— Task item —
Return the run of lines below that opens with the line containing "mehrzweckschrank aktenschrank schuhschrank" and closes with the line containing "15檔殖利率佳+今年來營收年增族群", keeping each one exact.

— Extracted entries —
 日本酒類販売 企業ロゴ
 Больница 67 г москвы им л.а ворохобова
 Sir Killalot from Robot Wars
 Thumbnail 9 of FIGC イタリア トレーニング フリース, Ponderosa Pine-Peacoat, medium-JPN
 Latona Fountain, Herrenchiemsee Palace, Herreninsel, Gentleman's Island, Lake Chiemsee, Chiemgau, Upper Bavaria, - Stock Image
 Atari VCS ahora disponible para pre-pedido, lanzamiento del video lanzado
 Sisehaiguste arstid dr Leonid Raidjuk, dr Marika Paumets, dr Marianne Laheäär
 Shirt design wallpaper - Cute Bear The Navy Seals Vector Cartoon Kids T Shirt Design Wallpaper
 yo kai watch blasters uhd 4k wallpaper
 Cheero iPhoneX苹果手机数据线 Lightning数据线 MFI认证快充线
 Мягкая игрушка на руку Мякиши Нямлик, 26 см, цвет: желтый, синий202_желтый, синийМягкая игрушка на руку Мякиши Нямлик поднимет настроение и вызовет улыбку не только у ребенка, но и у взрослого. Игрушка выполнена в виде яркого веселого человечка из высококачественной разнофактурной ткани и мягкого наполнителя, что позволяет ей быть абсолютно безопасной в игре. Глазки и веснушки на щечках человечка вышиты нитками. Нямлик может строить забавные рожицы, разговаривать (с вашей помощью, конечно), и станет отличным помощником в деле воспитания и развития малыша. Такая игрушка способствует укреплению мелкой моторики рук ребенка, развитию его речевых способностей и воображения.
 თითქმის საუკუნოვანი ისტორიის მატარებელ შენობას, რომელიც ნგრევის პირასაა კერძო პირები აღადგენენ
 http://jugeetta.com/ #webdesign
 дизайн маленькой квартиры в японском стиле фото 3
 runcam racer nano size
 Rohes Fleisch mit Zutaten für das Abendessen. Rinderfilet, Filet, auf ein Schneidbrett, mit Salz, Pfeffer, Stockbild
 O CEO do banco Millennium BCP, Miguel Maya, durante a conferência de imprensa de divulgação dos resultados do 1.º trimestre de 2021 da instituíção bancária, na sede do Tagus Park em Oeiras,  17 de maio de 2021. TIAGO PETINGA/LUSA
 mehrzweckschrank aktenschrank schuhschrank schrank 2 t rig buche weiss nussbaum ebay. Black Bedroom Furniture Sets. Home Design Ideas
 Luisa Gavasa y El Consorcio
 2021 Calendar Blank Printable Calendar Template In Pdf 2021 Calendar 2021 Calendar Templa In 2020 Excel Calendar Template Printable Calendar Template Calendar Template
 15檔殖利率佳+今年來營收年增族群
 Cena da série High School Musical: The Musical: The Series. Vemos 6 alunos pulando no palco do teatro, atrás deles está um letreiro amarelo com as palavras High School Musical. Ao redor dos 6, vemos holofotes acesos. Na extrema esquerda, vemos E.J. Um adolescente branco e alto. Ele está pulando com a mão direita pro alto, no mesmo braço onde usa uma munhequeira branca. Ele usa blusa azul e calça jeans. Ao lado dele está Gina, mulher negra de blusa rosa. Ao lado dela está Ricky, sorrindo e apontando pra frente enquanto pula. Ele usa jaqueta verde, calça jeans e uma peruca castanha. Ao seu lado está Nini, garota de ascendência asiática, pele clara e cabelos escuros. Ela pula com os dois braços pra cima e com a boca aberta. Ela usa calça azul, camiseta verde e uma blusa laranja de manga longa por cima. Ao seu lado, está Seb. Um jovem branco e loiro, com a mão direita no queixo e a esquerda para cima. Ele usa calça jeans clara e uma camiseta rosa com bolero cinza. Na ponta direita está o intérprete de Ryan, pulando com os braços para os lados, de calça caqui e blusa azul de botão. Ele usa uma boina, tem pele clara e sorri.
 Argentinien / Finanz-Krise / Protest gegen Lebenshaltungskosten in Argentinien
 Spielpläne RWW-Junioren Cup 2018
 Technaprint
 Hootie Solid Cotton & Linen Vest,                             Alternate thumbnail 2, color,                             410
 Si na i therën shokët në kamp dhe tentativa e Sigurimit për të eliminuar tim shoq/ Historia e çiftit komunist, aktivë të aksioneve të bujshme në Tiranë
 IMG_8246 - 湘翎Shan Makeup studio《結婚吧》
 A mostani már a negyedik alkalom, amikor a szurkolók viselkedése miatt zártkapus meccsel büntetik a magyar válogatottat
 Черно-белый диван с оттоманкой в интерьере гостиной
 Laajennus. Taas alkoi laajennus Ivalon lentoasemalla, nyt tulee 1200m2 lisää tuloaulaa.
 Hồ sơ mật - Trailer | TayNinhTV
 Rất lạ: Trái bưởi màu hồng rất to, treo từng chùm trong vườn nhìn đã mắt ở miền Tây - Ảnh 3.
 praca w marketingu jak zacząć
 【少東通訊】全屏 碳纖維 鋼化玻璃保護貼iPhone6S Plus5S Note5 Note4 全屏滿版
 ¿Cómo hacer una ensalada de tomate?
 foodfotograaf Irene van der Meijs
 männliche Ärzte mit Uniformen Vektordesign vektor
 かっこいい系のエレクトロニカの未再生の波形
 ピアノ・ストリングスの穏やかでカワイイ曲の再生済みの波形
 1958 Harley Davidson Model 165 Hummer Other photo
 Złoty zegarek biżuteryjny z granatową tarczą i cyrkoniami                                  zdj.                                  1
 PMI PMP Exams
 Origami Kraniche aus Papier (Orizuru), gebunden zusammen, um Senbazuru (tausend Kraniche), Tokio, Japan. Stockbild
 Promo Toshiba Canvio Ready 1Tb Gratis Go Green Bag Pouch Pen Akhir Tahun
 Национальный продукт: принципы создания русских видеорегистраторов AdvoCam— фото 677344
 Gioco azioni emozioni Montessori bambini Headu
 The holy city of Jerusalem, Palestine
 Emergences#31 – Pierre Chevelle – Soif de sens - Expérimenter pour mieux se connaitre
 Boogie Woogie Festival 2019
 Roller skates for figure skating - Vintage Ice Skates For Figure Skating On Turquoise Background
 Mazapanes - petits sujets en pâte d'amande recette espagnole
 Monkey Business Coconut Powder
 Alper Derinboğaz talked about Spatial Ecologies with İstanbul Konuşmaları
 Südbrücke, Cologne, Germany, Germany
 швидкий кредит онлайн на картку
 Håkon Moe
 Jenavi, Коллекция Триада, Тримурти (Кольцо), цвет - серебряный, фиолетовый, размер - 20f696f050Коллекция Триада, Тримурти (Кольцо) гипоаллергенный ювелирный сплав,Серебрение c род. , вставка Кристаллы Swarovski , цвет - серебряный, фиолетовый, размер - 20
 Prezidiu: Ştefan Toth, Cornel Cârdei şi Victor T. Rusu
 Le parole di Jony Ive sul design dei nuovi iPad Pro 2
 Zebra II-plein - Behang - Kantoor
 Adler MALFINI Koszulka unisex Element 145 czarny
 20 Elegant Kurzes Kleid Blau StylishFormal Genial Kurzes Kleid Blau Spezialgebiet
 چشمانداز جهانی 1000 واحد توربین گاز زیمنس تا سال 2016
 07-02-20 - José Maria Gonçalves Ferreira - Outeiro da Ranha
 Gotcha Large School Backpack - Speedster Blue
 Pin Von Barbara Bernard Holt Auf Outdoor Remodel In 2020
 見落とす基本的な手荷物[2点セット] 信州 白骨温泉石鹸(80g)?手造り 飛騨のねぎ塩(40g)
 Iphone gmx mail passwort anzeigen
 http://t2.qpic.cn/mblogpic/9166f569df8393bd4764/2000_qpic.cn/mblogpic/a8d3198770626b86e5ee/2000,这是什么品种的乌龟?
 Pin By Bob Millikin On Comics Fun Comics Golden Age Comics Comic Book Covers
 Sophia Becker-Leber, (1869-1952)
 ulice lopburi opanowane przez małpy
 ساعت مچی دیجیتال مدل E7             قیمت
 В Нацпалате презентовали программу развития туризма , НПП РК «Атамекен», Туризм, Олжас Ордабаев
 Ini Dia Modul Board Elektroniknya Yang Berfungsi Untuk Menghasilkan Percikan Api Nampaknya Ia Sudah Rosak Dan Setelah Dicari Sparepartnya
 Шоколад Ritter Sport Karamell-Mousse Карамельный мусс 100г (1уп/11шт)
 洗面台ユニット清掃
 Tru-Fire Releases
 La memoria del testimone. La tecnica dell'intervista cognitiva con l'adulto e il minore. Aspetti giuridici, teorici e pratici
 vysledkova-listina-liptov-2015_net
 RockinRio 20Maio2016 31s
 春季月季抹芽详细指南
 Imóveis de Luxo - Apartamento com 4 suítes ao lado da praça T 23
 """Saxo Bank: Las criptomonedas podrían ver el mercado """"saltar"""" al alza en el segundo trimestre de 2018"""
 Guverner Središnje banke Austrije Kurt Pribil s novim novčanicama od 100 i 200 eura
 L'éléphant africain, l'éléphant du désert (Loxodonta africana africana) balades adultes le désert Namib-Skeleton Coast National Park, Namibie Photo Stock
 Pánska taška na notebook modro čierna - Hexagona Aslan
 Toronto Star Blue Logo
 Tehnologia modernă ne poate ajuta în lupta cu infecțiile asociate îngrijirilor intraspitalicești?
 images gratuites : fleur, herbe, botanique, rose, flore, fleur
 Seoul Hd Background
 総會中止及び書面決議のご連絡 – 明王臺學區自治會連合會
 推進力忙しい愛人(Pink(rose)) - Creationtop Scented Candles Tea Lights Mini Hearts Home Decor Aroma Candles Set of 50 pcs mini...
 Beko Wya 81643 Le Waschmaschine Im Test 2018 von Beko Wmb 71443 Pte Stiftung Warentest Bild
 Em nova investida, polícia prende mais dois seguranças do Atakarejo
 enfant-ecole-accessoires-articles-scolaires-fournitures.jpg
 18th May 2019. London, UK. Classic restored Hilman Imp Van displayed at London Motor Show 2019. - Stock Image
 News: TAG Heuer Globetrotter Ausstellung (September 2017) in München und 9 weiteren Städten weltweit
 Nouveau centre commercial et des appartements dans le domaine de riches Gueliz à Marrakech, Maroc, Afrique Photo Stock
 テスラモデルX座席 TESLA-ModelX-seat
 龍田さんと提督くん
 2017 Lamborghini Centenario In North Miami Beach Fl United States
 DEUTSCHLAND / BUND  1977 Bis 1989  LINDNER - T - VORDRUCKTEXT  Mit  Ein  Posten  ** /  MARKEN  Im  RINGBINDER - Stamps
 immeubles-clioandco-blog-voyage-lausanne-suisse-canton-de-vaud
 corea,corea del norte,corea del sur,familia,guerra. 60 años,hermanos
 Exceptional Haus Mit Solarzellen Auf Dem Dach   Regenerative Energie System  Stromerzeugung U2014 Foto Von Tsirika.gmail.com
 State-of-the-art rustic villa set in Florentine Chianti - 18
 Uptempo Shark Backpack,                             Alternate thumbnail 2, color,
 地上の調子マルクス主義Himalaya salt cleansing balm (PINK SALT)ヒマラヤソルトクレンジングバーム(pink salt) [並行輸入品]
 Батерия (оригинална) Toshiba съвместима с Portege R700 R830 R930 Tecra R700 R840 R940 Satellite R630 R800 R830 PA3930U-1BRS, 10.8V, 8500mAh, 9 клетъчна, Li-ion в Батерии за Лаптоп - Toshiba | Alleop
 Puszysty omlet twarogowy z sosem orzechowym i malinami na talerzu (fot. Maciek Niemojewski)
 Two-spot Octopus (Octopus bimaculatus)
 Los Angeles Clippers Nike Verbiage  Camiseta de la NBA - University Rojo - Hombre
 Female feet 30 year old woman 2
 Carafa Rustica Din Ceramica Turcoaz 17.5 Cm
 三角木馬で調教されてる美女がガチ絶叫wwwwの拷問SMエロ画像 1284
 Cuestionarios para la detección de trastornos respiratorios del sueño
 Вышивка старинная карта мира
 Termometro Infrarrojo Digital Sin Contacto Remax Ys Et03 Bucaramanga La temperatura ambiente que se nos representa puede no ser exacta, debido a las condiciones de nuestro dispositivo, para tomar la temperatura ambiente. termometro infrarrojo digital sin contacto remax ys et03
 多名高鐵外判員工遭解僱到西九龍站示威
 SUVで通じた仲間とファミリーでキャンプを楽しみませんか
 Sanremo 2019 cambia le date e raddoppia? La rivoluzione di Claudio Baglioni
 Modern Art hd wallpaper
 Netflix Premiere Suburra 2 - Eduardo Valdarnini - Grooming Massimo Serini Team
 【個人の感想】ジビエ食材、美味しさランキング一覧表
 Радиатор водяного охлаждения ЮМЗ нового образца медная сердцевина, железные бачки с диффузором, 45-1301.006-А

— Solved exercise —
 mehrzweckschrank aktenschrank schuhschrank schrank 2 t rig buche weiss nussbaum ebay. Black Bedroom Furniture Sets. Home Design Ideas
 Luisa Gavasa y El Consorcio
 2021 Calendar Blank Printable Calendar Template In Pdf 2021 Calendar 2021 Calendar Templa In 2020 Excel Calendar Template Printable Calendar Template Calendar Template
 15檔殖利率佳+今年來營收年增族群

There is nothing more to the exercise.